In a non-contact co-culture assay (FIG. 9) hNPCs significantly increased dendritic branching (FIG. 13A, B), total dendritic length (FIG. 13A, C), and axonal length (FIG. 13A, D) of co-cultured cortical neurons, thus mimicking in vitro the hNPC-mediated effects on dendritic and axonal plasticity observed in vivo. To identify potential hNPC-secreted plasticity mediators, immunodepletion studies were done for specific candidate molecules known to be involved in neuronal plasticity and expressed in our hNPCs by microarray analysis (Wright et al., 2003). Neutralization of thrombospondin 1 (TSP1) or TSP2 significantly reduced hNPC-induced dendritic branching and length, while neutralization of human VEGF (hVEGF) using Avastin, or of Slit only affected total dendritic length with no effect on dendritic branching (FIG. 13B, C). hNPC-mediated axonal outgrowth was significantly reduced by neutralization of all the aforementioned factors (FIG. 13D); neutralization of TSP1 and TSP2 also inhibited axonal growth in vehicle-treated cortical neurons. Depletion of SPARC had no effect on either dendritic or axonal morphology (FIG. 13B-D). The effects of the neutralizing antibodies were specific as isotype control antibodies had no effect (P>0.05).

EXAMPLE 4

Transplanted hNPCs Reduce Impairment of Axonal Transport Post-Ischemia
Disruption of anterograde axonal transport was quantitatively assessed by measuring amyloid precursor protein (APP) accumulation in axons (labeled with the neurofilament marker SMI312).

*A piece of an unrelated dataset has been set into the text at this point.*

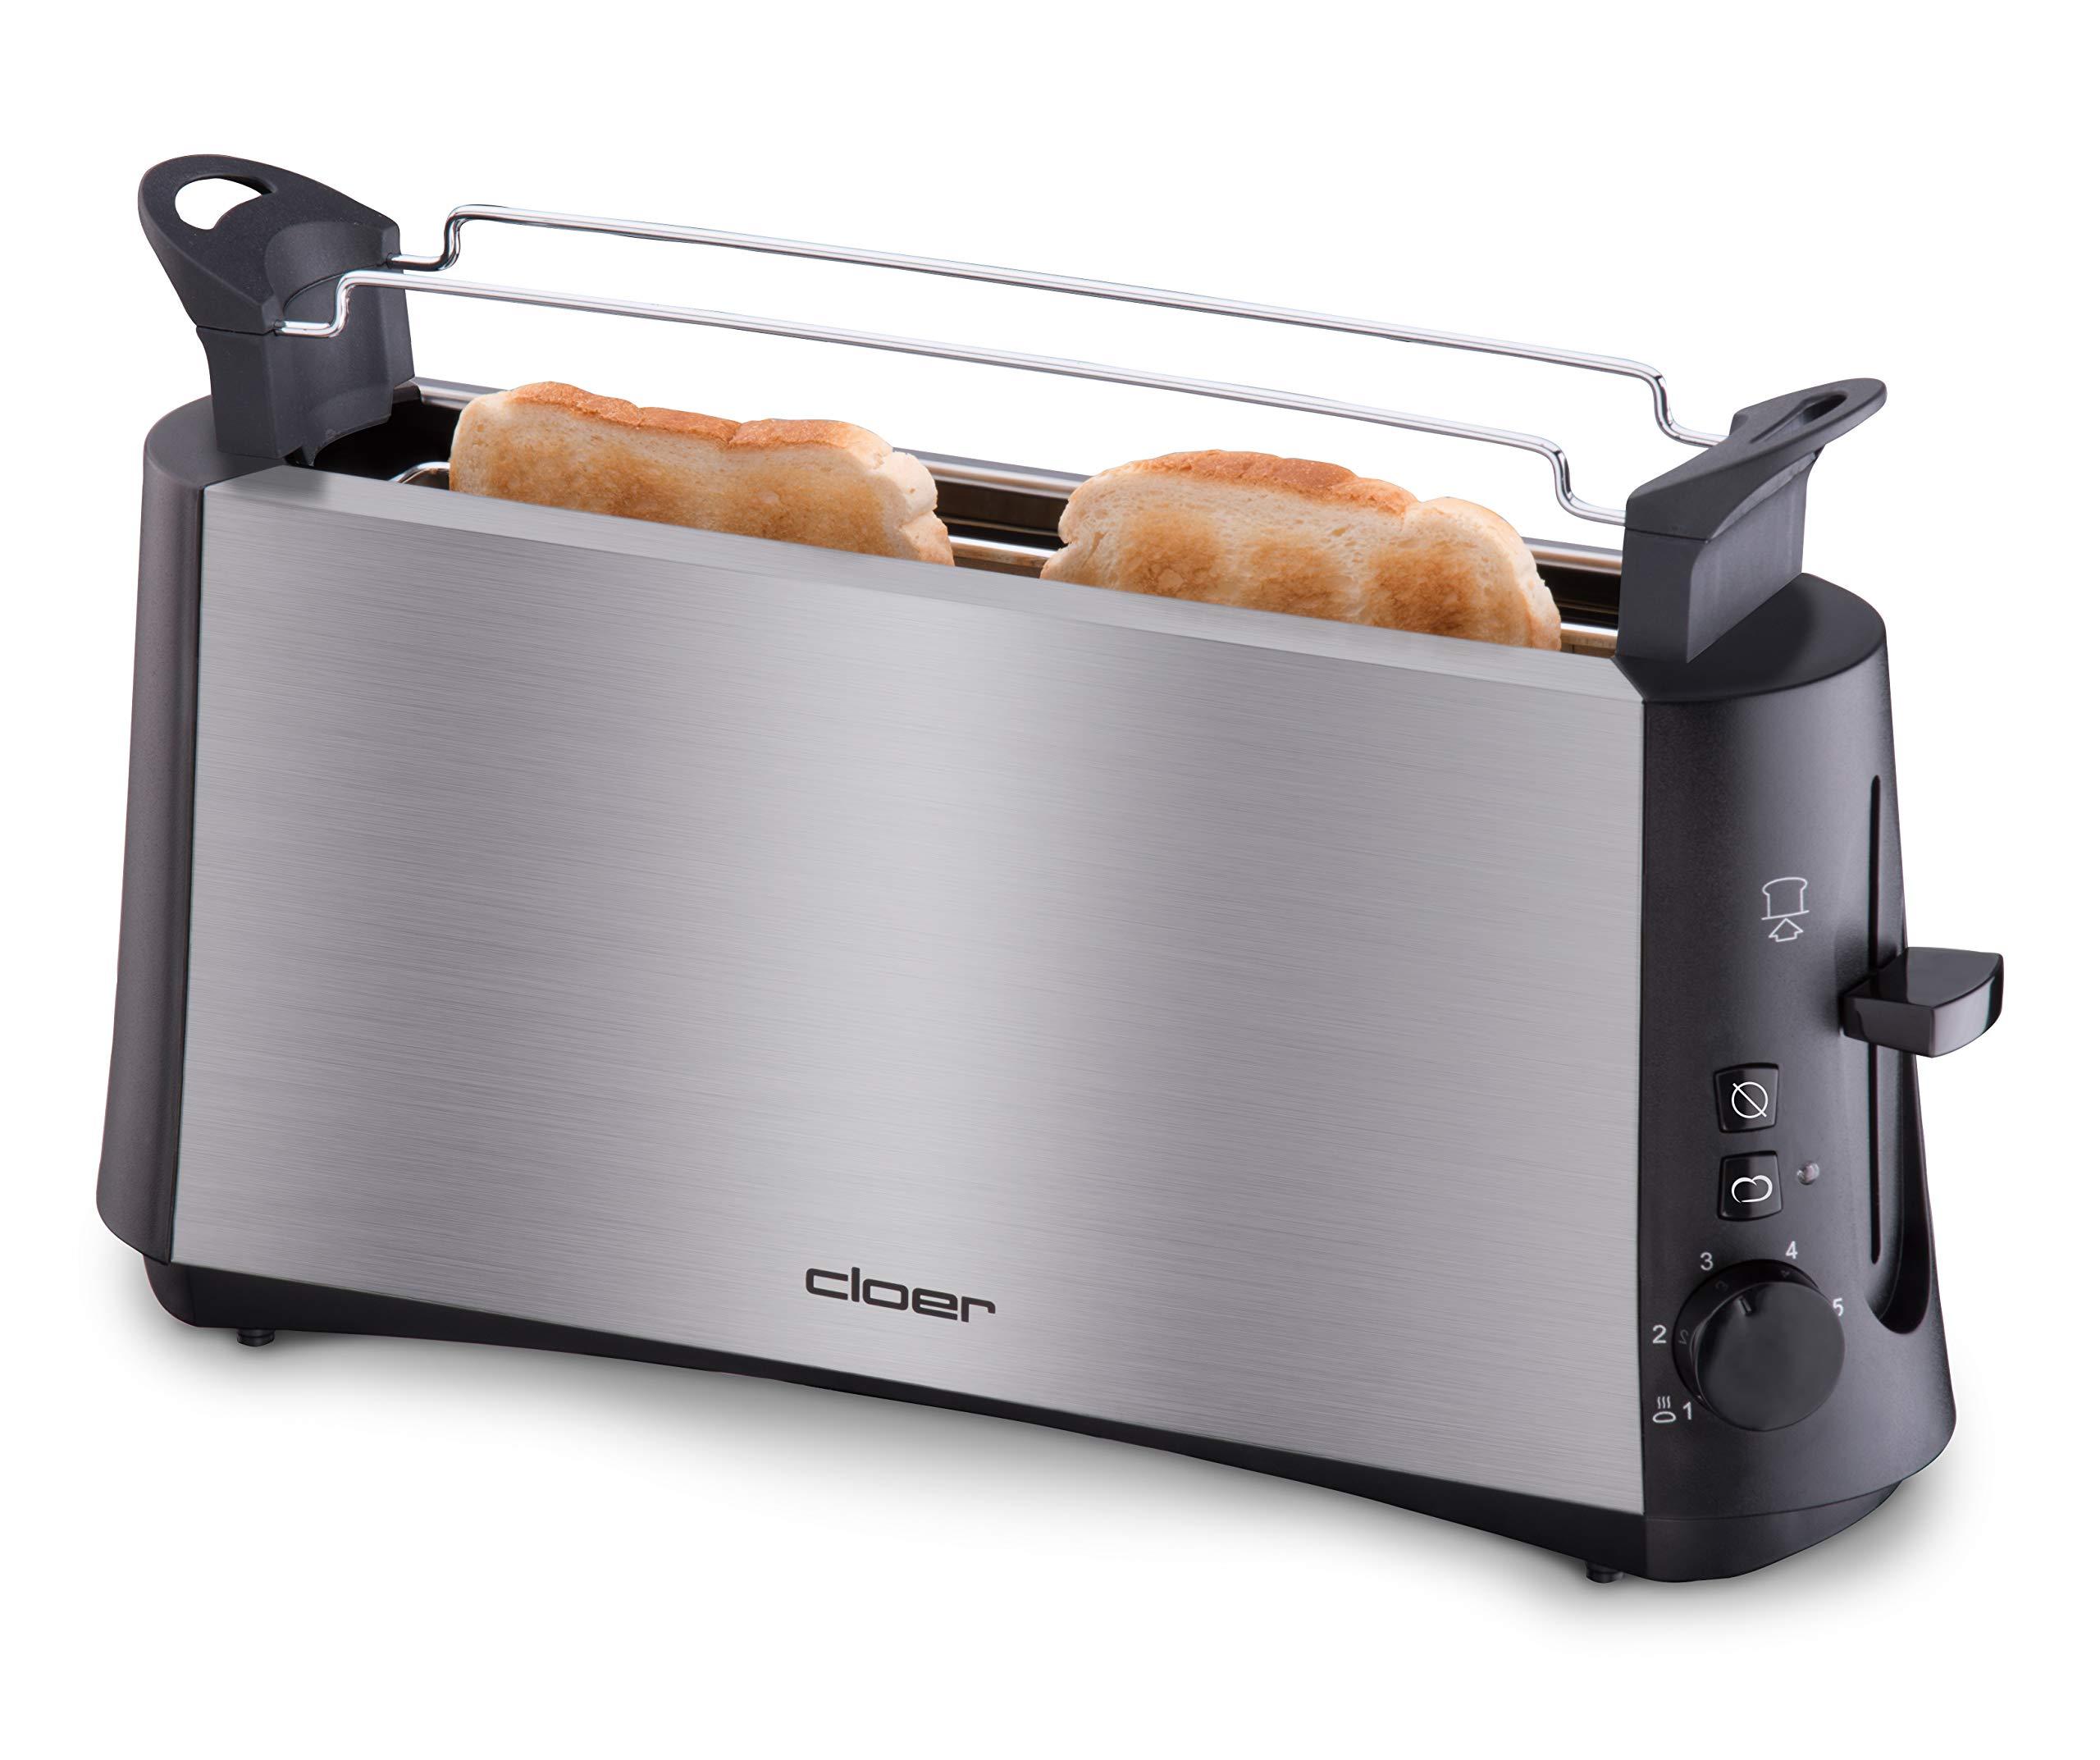 Cloer-3810-Langschlitztoaster-fr-2-Toastscheiben-880-W-StiWa-gut-Graubrot-Funktion-fr-verschiedene-Brotsorten-Brtchenaufsatz-Nachhebevorrichtung-mattiertes-wrmeisoliertes-Edelstahlgehuse

There was significant accumulation of APP in axons in the corpus callosum after stroke (FIG. 14A, B), consistent with previous reports of stroke impaired axonal transport (Valeriani et al., 2000, Wakita et al., 2002). hNPC-grafted animals had significantly fewer APP-positive axons at 3 weeks compared to vehicle controls (FIG. 14B), and this difference was further enhanced by 5 weeks suggesting that hNPCs enhance recovery of axonal transport. Furthermore, at 5 weeks hNPC animals had more axons in the corpus callosum as determined by the number of SMI312 puncta (FIG. 14C). Together, these data imply that hNPC-treated animals have more functioning axons (i.e., axons without impaired transport) after stroke than vehicle controls. Moreover, APP accumulation in the corpus callosum showed an overall negative correlation with recovery in the whisker-paw (p=0.004) and cylinder test (p=0.02) when combining data from both vehicle and hNPC groups, suggesting that reducing APP and improving axonal transport is important for recovery.

EXAMPLE 5

Effects of hNPCs on Axonal Transport are Mediated by VEGF
The effect of hNPCs and hNPC-secreted factors on axonal transport was determined in vitro using a microfluidic platform with one chamber seeded with primary cortical neurons and the other with or without hNPCs (FIG. 14D). Anterograde transport of dextran-labeled vesicles in the axons of the cortical neurons was measured in the axonal compartment (FIG. 14E). Co-culture with hNPCs significantly increased the mean velocity of anterogradely transported vesicles (FIG. 14F, FIG. 15). Neutralization of VEGF, but not TSP1, TSP2, SPARC, or Slit inhibited the hNPC-mediated effect (FIG. 14F). Isotype control antibodies had no effect, and neutralization of these factors had no effect in vehicle-treated wells.
Thus, the present inventors have demonstrated that hNPC transplantation at 1 week after stroke significantly improved functional recovery in several behavior tests and that this recovery correlated with hNPC-enhanced changes in dendritic and axonal structural plasticity. hNPCs not only elicited these plasticity changes in the injured hemisphere but also helped recruit the uninjured hemisphere. Moreover, the present inventors have demonstrated for the first time that stem cell transplantation enhanced recovery of stroke-impaired axonal transport. This is significant given the vital role of axonal transport for neuron function, survival, and plasticity. Using co-culture assays, we could mimic these stem cell-induced effects on plasticity and transport in vitro, and through neutralization studies we identified 4 secreted factors that mediate these hNPC-induced effects. These data suggest that transplanted hNPCs enhance post-stroke recovery by secretion of factors that enhance endogenous brain repair mechanisms induced after stroke injury.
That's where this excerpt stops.